Naturally all of this needs to be wrapped in a UI/UX that allows for easy navigation between known formulations, their skin benefits, and editing of suggested formulations. My point here is, that these models are fast enough that we can start to think about a much more systematic approach to exploring the space of skincare formulations, potentially speeding up development time, and certainly taking an orthogonal approach to our creative process.

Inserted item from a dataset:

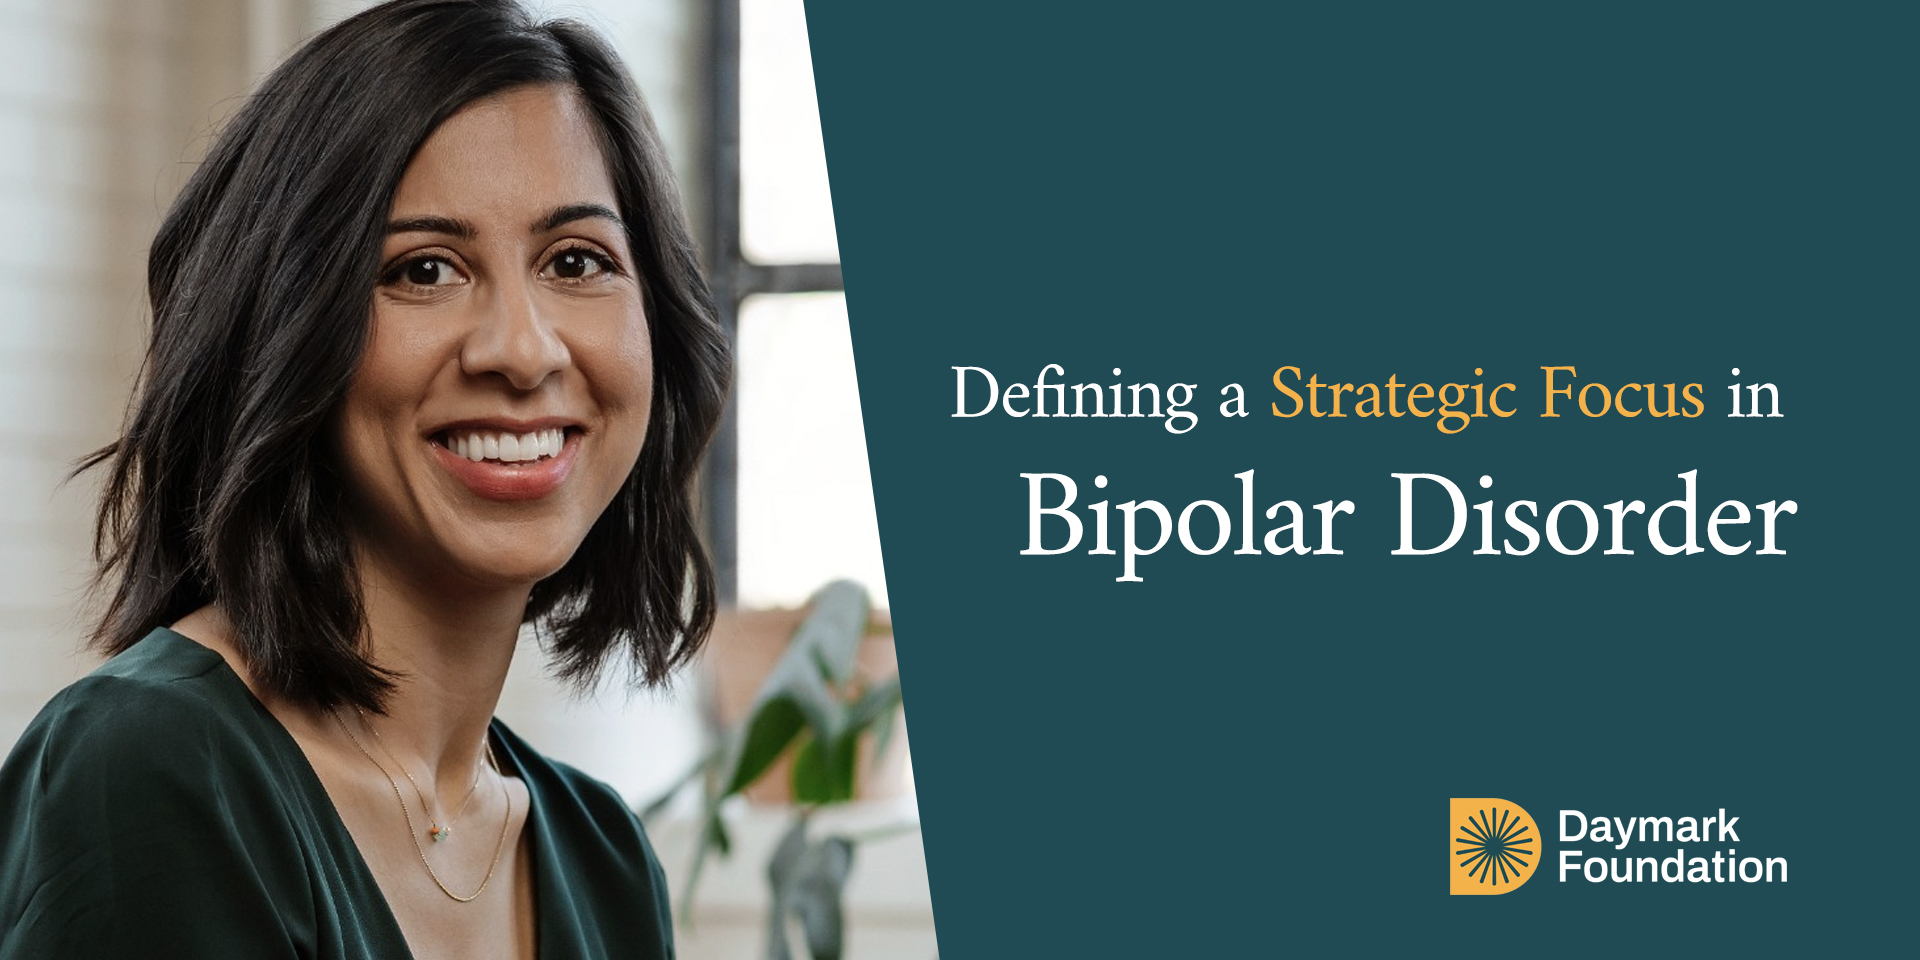 The Daymark Foundation: Defining a Strategic Focus in Bipolar Disorder

Here is an example of a suggested formulation:

 ['water',
  'dimethicone',
  'propanediol',
  'glycerin',
  'oenothera-biennis-oil',
  'squalane',
  'tocopheryl-acetate',
  '<unk>',
  'ceteth-20',
  'alcaligenes-polysaccharides',
  'disodium-edta',
  'petrolatum',
  'peg-7-glyceryl-cocoate',
  'phosphatidylcholine',
  'capryloyl-salicylic-acid',
  'polysorbate-60',
  'silica',
  'butyl-methoxydibenzoylmethane',
  'tocopherol',
  'sorbitol',
  'camellia-oleifera-seed-oil',
  'polysorbate-20',
  'ci-77491',
  'prunus-armeniaca-kernel-oil',
  'lecithin',
  'tromethamine',
  'niacinamide',
  'aloe-barbadensis-leaf-extract',
  'cholesterol'],

A humectant and emollient rich formulation, including some iron oxides and silica which creates an immediate light-reflecting property. While this does not translate directly into a ready to make formulation, it provides a starting point for further exploration, now with the added benefit of easily relating it to other products, consumer skincare benefits and many more parameters right out of the gates.

As the more expert skincare enthusiast will notice the “ordering” of ingredients is a bit off. This is work in progress on building a proper loss function (in the model training part) that respects the relative ordering of ingredients, while also generalizes well.